The recent Blade Runner 2049 updates the replicants’ technology and introduces a purchasable intelligent holographic companion called Joi (Ana de Armas). The Joi we are shown in the film is Agent K’s (Ryan Gosling) companion – at first restricted by the projector in his home and later set free, to an extent (Joi is still controlled by K’s movements), when K buys himself a portable device called an Emanator. Joi is a logical extension of today’s digital assistants and is one of the few female AIs to occupy the narrative foreground.

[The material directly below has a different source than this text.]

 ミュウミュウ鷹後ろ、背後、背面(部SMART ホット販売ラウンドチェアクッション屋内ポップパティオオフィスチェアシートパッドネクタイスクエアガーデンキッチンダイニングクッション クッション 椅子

But at the end of the day, Joi is a corporate creation that is sold as “everything you want to hear and everything you want to see”. A thing that can be created, adapted, and sold for consumption. Her holographic body makes her seem a little more real but her purpose is similar to those of the virtual assistants discussed here already: to serve often male masters.
Subservient Women
When we can only seemingly imagine an AI as a subservient woman, we reinforce dangerous and outdated stereotypes. What prejudices are perpetuated by putting servile obedient females into our dreams of technology, as well as our current experiences? All this is important because science fiction not only reflects our hopes and fears for the future of science, but also informs it.

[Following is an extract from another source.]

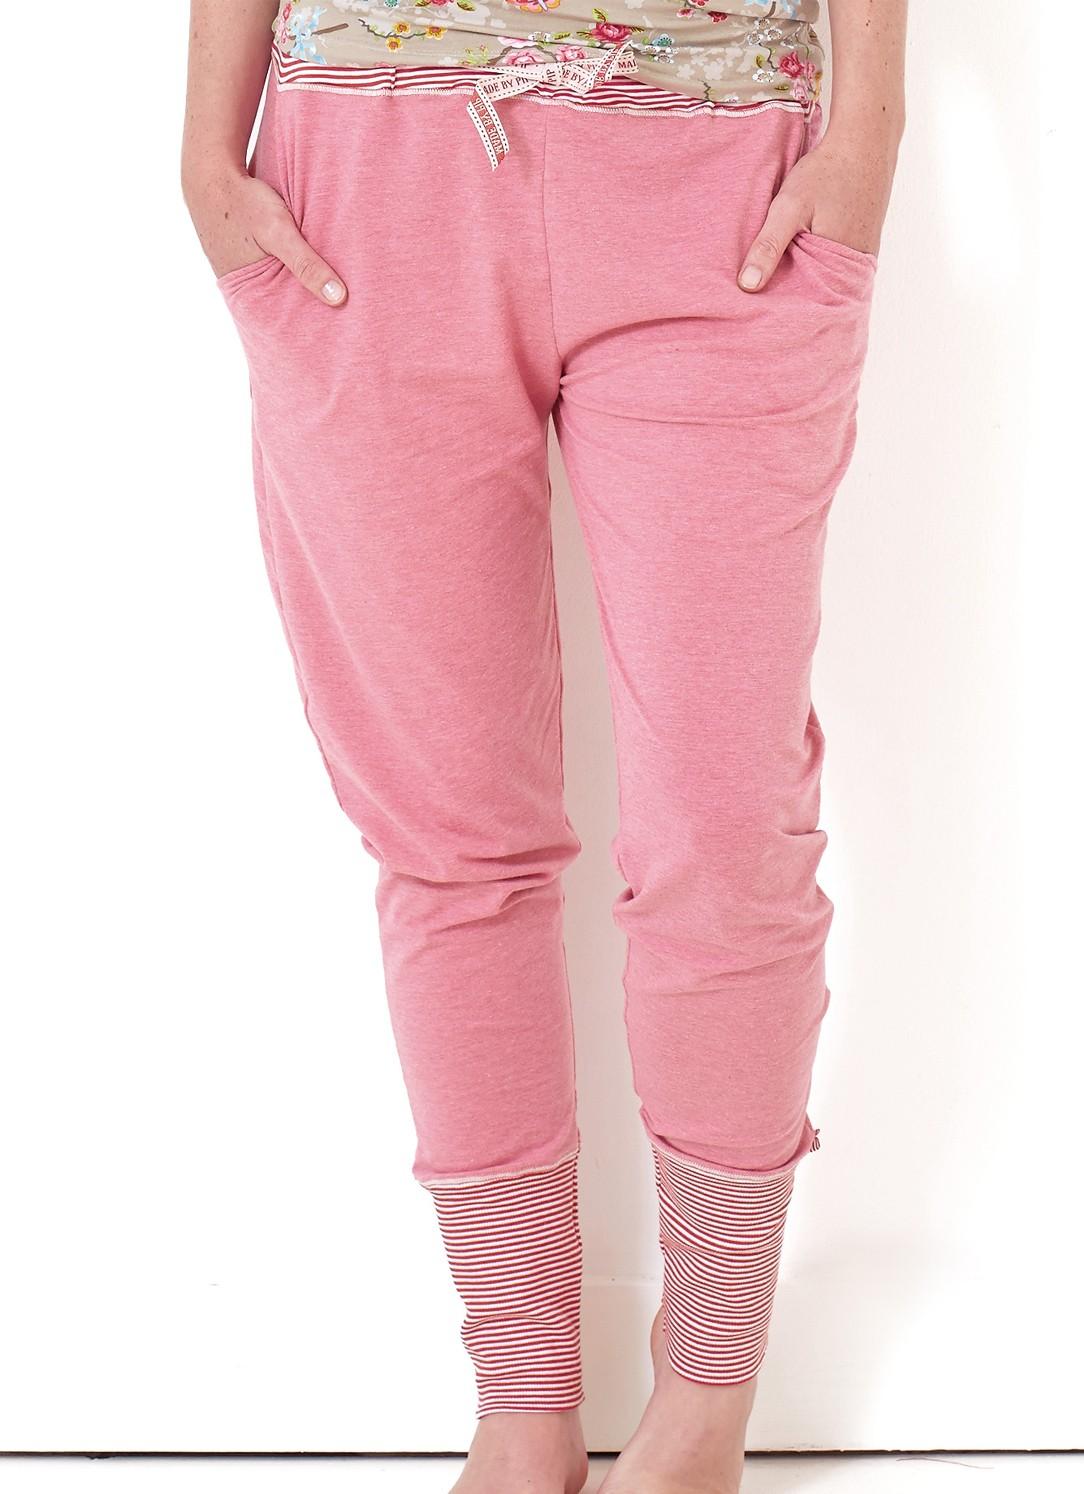 pip damen hose bobien melee lang pink marken pip studio pip studio homewear. Black Bedroom Furniture Sets. Home Design Ideas
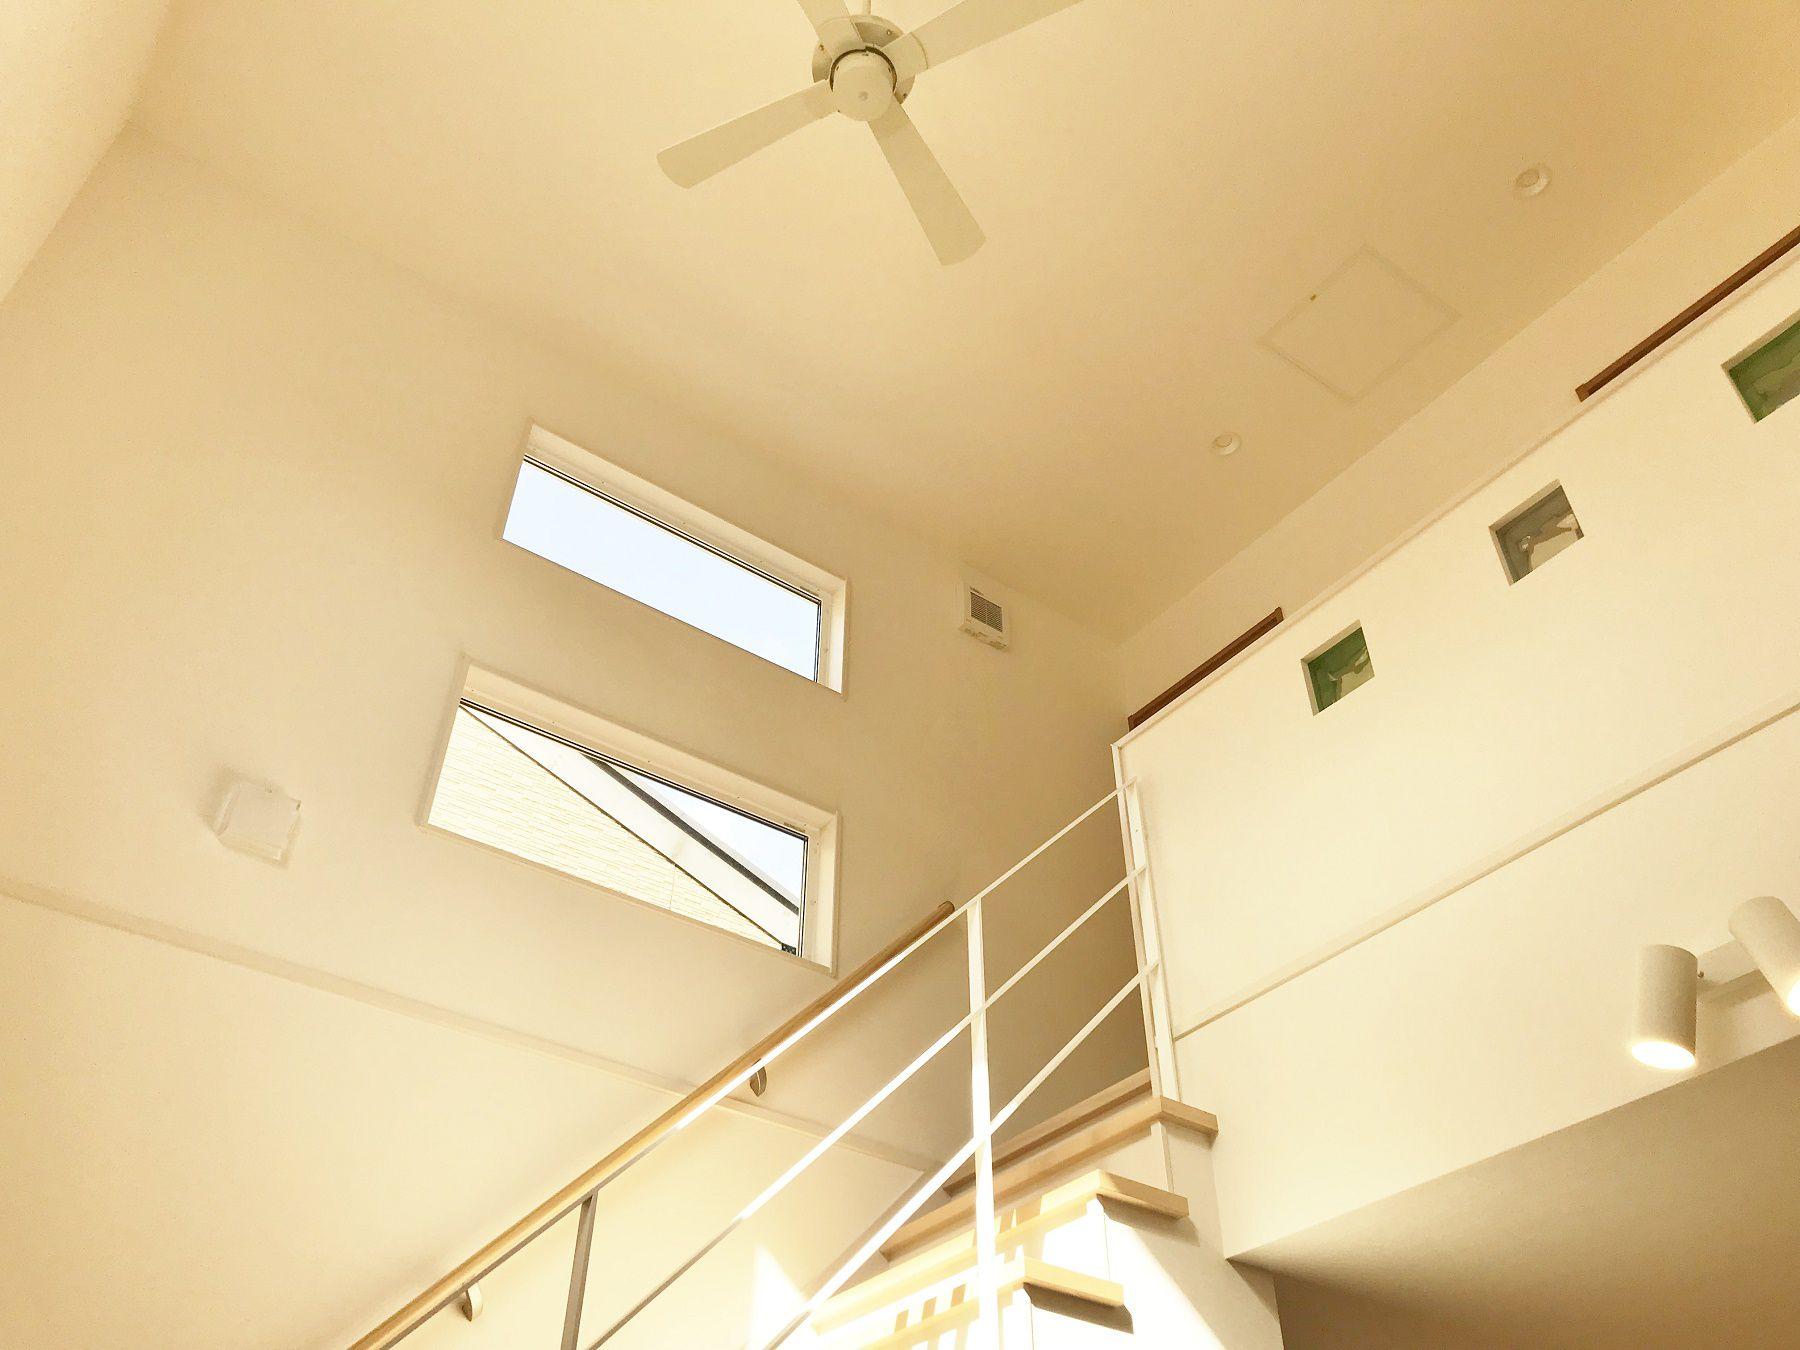 夕方になっても上からの暖かい日の光が差し込みます。冬場は床暖房の暖かさが2階まで伝わり、快適な生活が送れますね。

The imagined futures of the movies inspire those working in tech companies as they develop and update AI, working towards the expectations formed in our fictions.
Just like in the movies, default real-life virtual assistants are often female (Siri; Alexa). But there is some promise of change: having announced in May that their Google Assistantwould be getting six new voices, but that the default was named “Holly”, Google more recently issued an update that assigns them colours instead of names, done randomly in order to avoid any associations between particular colours and genders.
This is a promising step, but technology cannot progress while the same types of people remain in control of their development and management. Perhaps increased female participation in Silicon Valley could change the way we imagine and develop technology and how it sounds and looks. Diversity in front of and behind the Hollywood camera is equally important in order to improve the way we present our possible futures and so inspire future creators.